A few of us have gained scholarship that should ideally be a potent weapon for enhancing power, wisdom, knowledge and understanding but how many of us use this scholarship to change the realities of African life and civilisation?
Some 295 years ago, this is what Willie Lynch said about what is required to control a slave in perpetuity: "In my bag I have a fool proof method of controlling black slaves. I guarantee everyone of you, if installed correctly, it will control the slaves for at least 300 years. My method is simple. Any member of your family or your overseer can use it. I have outlined a number of differences among the slaves and I take these differences and I make them bigger. I use fear, distrust, and envy for control purposes."
We find ourselves wondering whether many of our leaders in Africa today are disciples of Lynch or there exists a uniquely African way of governing that is divisive and seeks to pit brother against brother, rich against poor, educated against uneducated, businesspeople against those who don’t know anything about business, those who are young and those who are old, believers against non-believers.
Many of us are still slaves trading money for time day-in-and-day-out until death.

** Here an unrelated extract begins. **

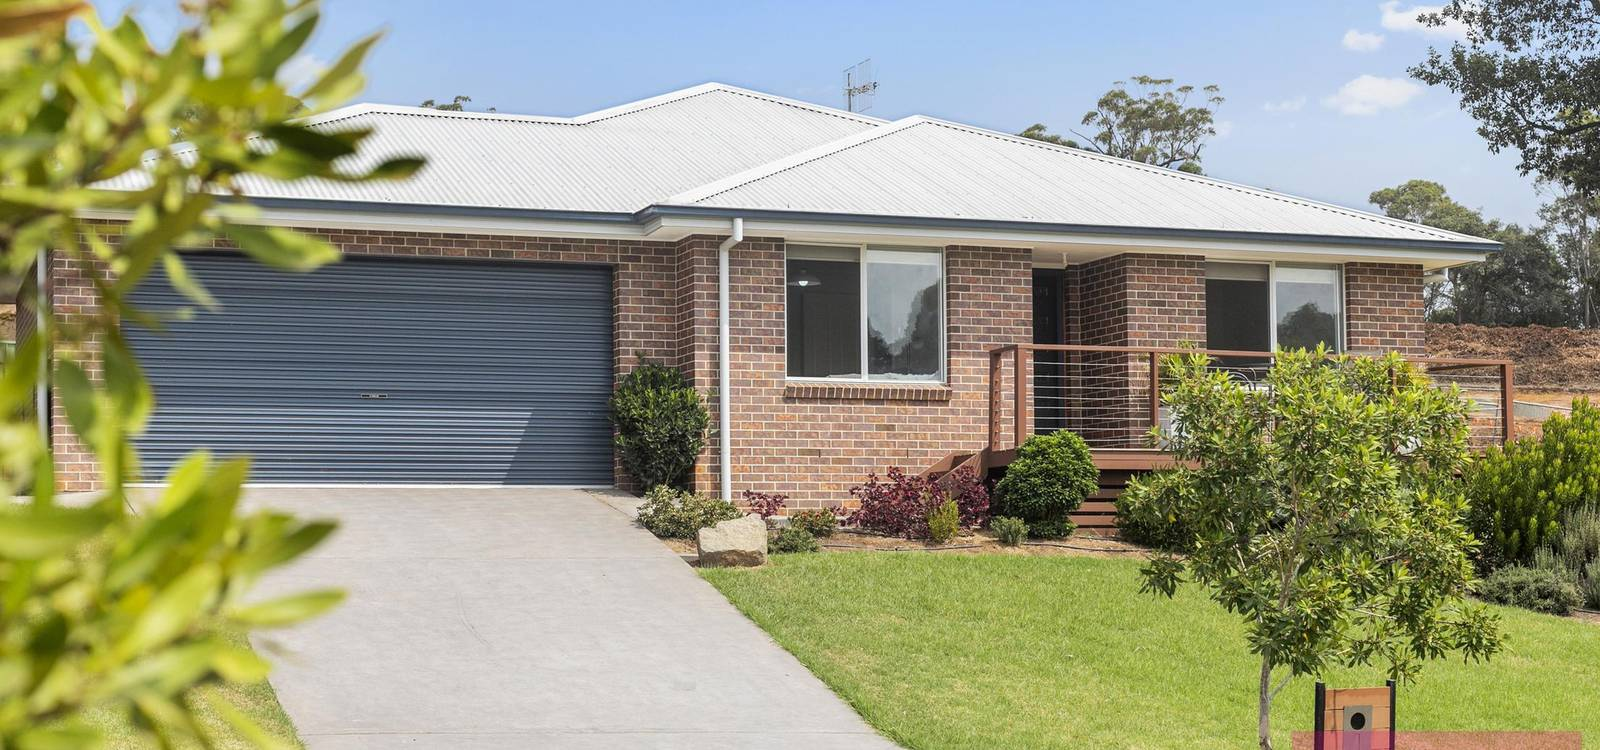 44 Molloy Street MOLLYMOOK, NSW 2539 - photo 1

Without selling time for money, many of us would perish. The few who have escaped the trap become targets of the political elites whose control of Africa is premised on fear, envy and distrust and yet a poor man’s dream is to be rich one day.
There are many Africans who believe that being rich is necessarily evil and anti-poor and yet I have yet to see a graveyard with ATM machines where the rich dead souls can access their wealth. Even the rich still have to die and they leave their so-called loot on this earth for other living people to inherit.
I have often argued that an equal society has no hope in as much as one cannot expect to have children in one family being the same. The poor need the rich in as much as the rich need the poor. Life ultimately is a nuisance of time and the only legacy that we live is what we do with the time that God has given us. Death is the ultimate equaliser and it is true that the rich have the same time that is accessible to the poor notwithstanding the fact that the time is differently priced in the market. A poor person gets less per hour than a rich person for instance. However, what makes civilisation interesting is that rich or poor, the sun shines on all.
Do we really want an Africa with no rich people? If all the rich were to be eliminated from Africa, would Africa live up to its promise better? Do we need an Africa where only black people are defined as Africans? If European civilisation and values had not visited Africa, where would Africa be? Do we want an Africa in which the state is the exclusive engine of growth and transformation? Do we want an Africa where the value of time is the same irrespective of education, responsibility and quality and content of work input?
We all have a valid stake in Africa’s future and yet we must never forget the words of Mahatma Ghandi who said: “Be the change that you want to see”. History has taught us that you can never trust a third party to invest in the change you want to see.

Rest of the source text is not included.